Charitable institutions in religion, education, health, and social welfare have been leaders in serving human needs in the United States and around the world.

The Congress of the United States has always recognized that the common good is served by individuals who give of their resources to meet social needs, including gifts of appreciated property. Such gifts represent a significant portion of the support needed by charitable institutions to meet social needs. The loss of these charitable institutions would impose a multi-billion dollar tax burden upon the American people and also destroy the dynamic of voluntary and personalized service for which these institutions are known.

The Tax Reform Act of 1969 recognized that an individual’s philanthropic dollar can be more efficiently used in direct appropriation to charitable institutions than it can through government agencies.
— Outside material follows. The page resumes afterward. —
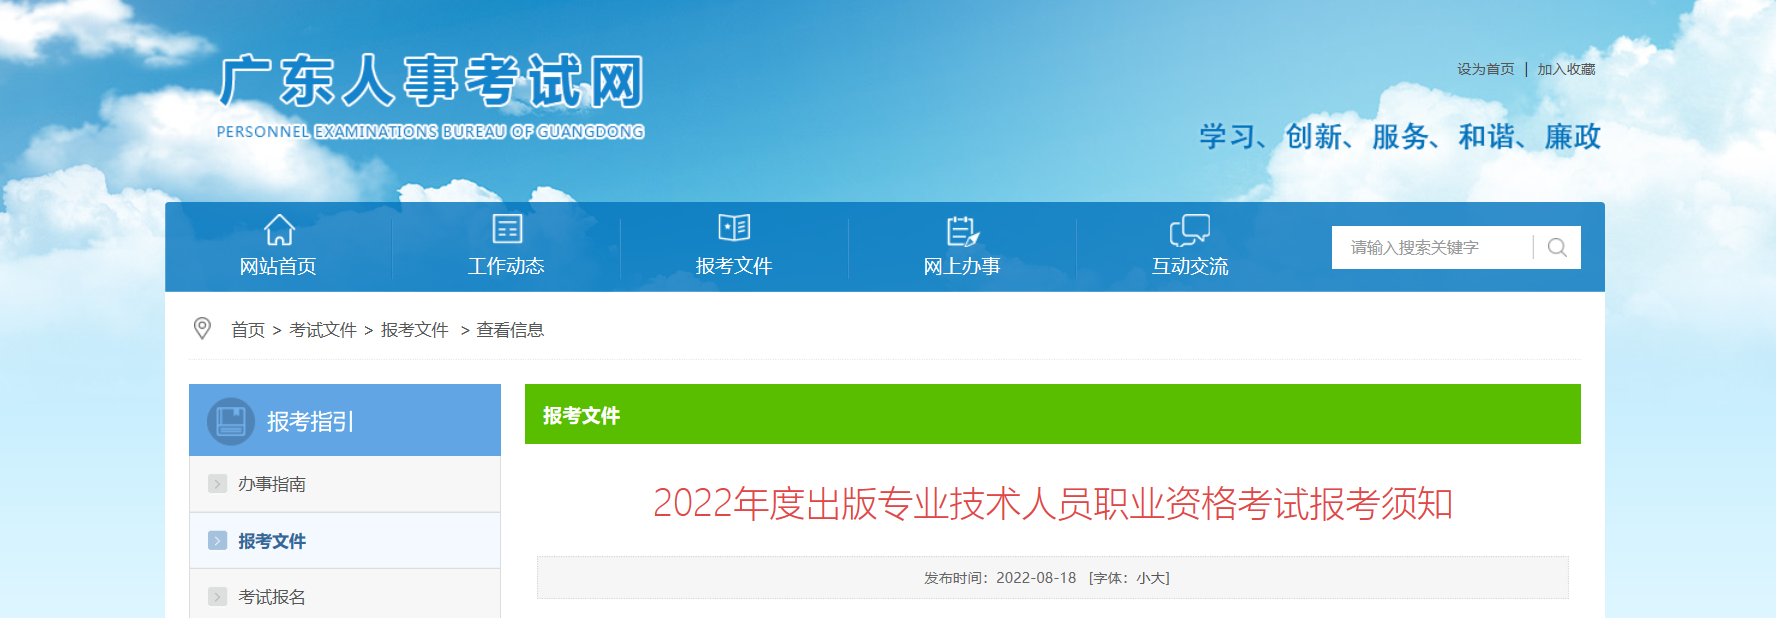 2022年广东出版专业技术人员职业资格考试报名时间、条件及入口【8月22日-8月31日】

We express concern, however, to the President over the new section of his 1976 Budget which shows charitable deductions as “tax expenditures” to the American public which are “exceptions to the ‘normal-structure’ of the . . .income tax with the implication that the benefit goes to the donors rather than the recipients. Charitable deductions have been the tax structure since it began and the benefits go to the people whose needs are served by charitable institutions; they do not remain with the donor.

Furthermore, we note that in a comparison between charitable deductions and direct appropriations for social service, both the efficient and effective value of the charitable dollar will be obvious.

We urge the Congress to preserve the principle of private philanthropy as developed throughout the history of our nation, particularly by restricting proposals to eliminate the charitable deduction or heavily tax the appreciated portion of gifts of property.